9. Underwriting of shares
• Agreement:
– The issuing company and the underwriter enter into an underwriting agreement. This agreement outlines
the terms and conditions of the underwriting, including the number of shares to be issued, the price at
which they will be offered to the public, and the underwriter's compensation.
• Purchase of Shares:
– The underwriter agrees to purchase the entire issue of shares from the issuing company at a predetermined
price, known as the underwriting price. This price is often slightly lower than the expected market price to
provide an incentive for the underwriter to take on the risk.
• Risk Transfer:
– By purchasing the shares from the issuer, the underwriter assumes the risk of being unable to sell the shares
to investors at a profit. The underwriter is essentially taking on the risk of market fluctuations and the
demand for the shares.
• Resale to Investors:
– After acquiring the shares, the underwriter then resells them to investors through the public markets. This
can involve selling the shares to individual investors, institutional investors, or a combination of both.

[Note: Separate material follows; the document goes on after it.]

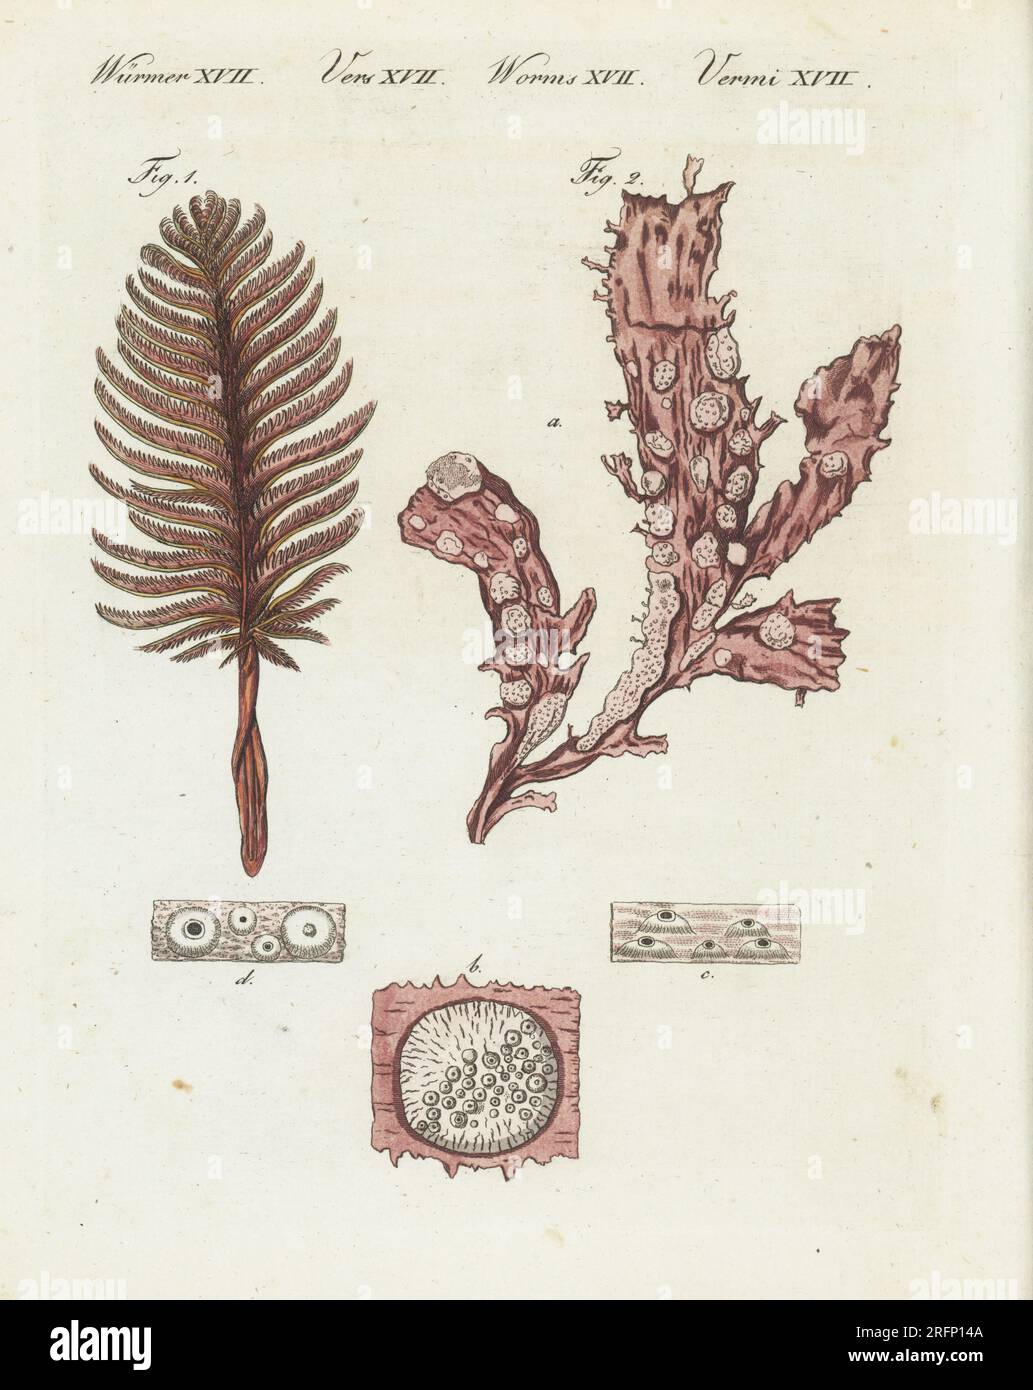 Bristly sea-pen, Pennatula rubra 1, and membranous melobesia, Melobesia membranacea 2, a small marine alga that grows on the surface of other algae. (Pennatula setacea, Corallina membranacea.) Handcoloured copperplate engraving from Carl Bertuch's Bilderbuch fur Kinder (Picture Book for Children), Weimar, 1810. A 12-volume encyclopedia for children illustrated with almost 1,200 engraved plates on natural history, science, costume, mythology, etc., published from 1790-1830. Stock Photo

• Underwriter's Compensation:
– The underwriter receives compensation for assuming the risk and facilitating the issuance. The
compensation is typically in the form of a fee or a percentage of the total value of the shares issued.
• Stabilization:
– In some cases, the underwriter may engage in stabilization activities to support the market price of the
newly issued shares. This can involve buying additional shares in the open market to prevent the price from
falling below the underwriting price.